Он смотрел под ноги на белые цветы, которые она задевала подолом белой юбочки, и испытывал стеснение и даже какую-то смутную тревогу, поэтому с трудом выдавил из себя несколько слов, ответив что-то не очень вразумительное. Но девочка продолжала говорить с ним так простодушно, беззаботно и чуточку капризно, что наконец он тоже почувствовал себя с нею легко и непринужденно. Она была высокой, примерно его возраста, со светло-желтой, почти белой, кожей; говорили, что мать у нее с Осскиля или даже из каких-то более далеких краев. Ее черные, очень длинные волосы водопадом струились с плеч. Она показалась Геду некрасивой, даже уродливой, но ему захотелось понравиться, сделать ей приятное, заслужить ее восхищение. И чем дольше они разговаривали, тем сильнее становилось это желание. Она заставила его рассказать, как он устроил фокус с туманом, который помог прогнать из деревни грабителей-каргов. Девочка выслушала его рассказ с молчаливым удивлением и восхищением, но ни единым словечком не похвалила его. А потом задала еще один вопрос:
— Ты умеешь подзывать птиц и зверей?
— Умею.
Он знал, что неподалеку, в утесах над лугом, есть гнездо ястреба, и он тихо позвал птицу по имени. Ястреб прилетел, но не спустился, как обычно, на руку Геду — конечно, его спугнуло присутствие девчонки. С резким пронзительным вскриком птица метнулась в сторону, хлопая крыльями, и, подхваченная ветром, взлетела ввысь.
— Каким заклинанием подманил ты ястреба? — спросила она.
— Заклинанием Призывания.
— А ты умеешь вызывать души умерших, чтобы они вот так же приходили к тебе?
Он решил, что она просто его высмеивает — ведь даже ястреб не совсем послушался его.

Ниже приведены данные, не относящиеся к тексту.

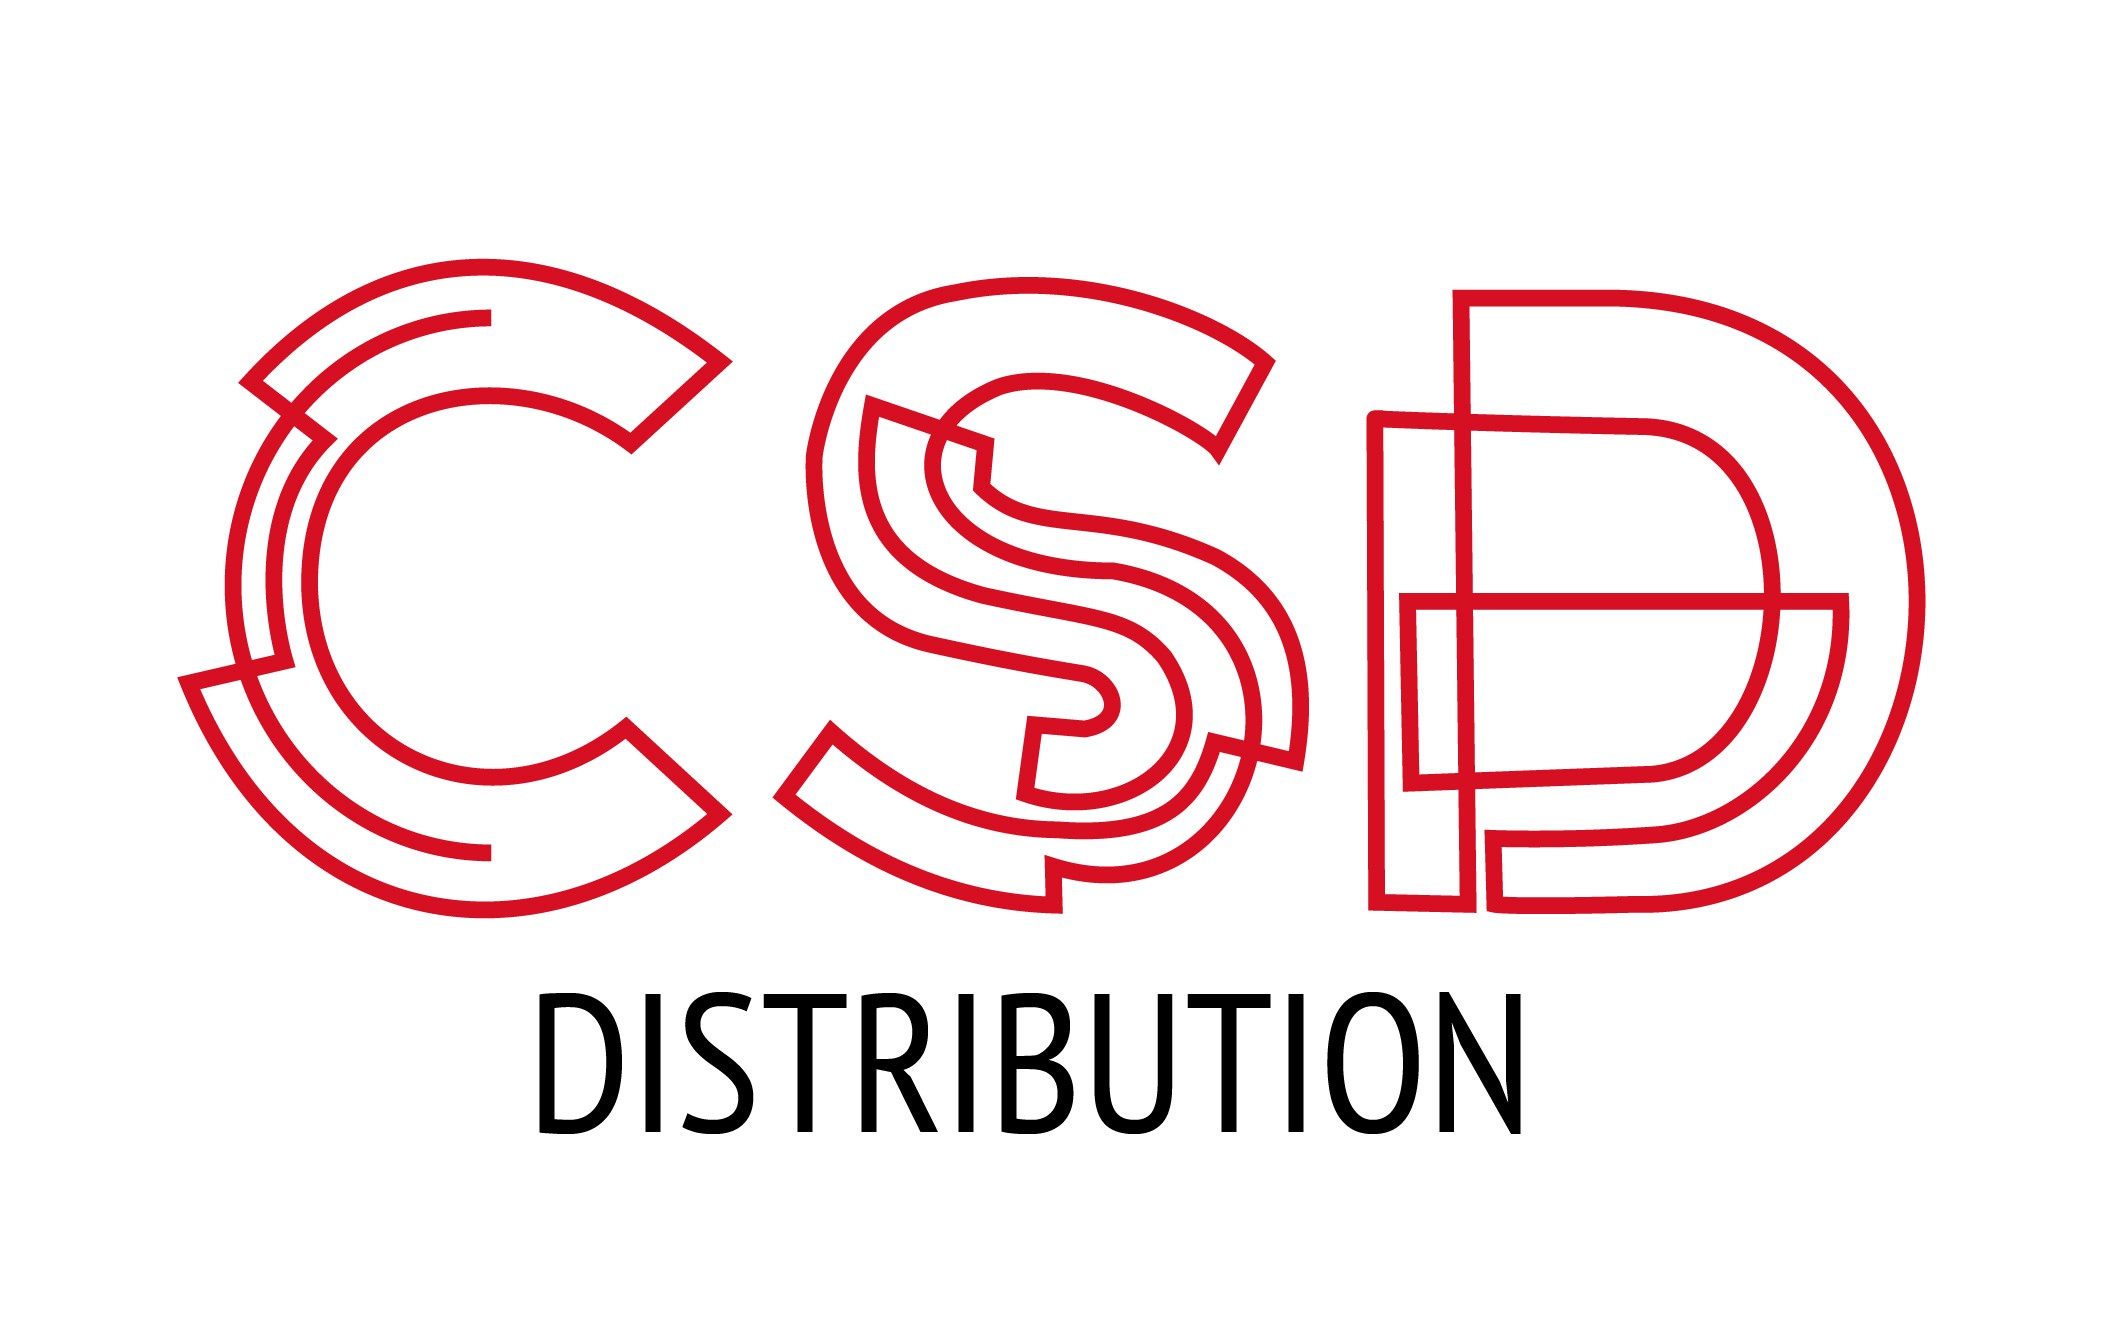 CSD DISTRIBUTION

А он не мог допустить, чтобы кто-то над ним смеялся.
— Разумеется, я умею их вызывать, — самым спокойным голосом сказал он.
— А не слишком ли опасно и трудно вызывать духов?
— Трудно — да. Опасно? — Он пожал плечами.
В ответ она одарила его взглядом бесспорного восхищения.
— А любовные чары сотворить можешь?
— Для этого особого умения не требуется.
— Да, правда, — сказала она, — приворожить умеет любая деревенская колдунья. А превращаться можешь? Изменить обличье? Говорят, настоящие волшебники умеют.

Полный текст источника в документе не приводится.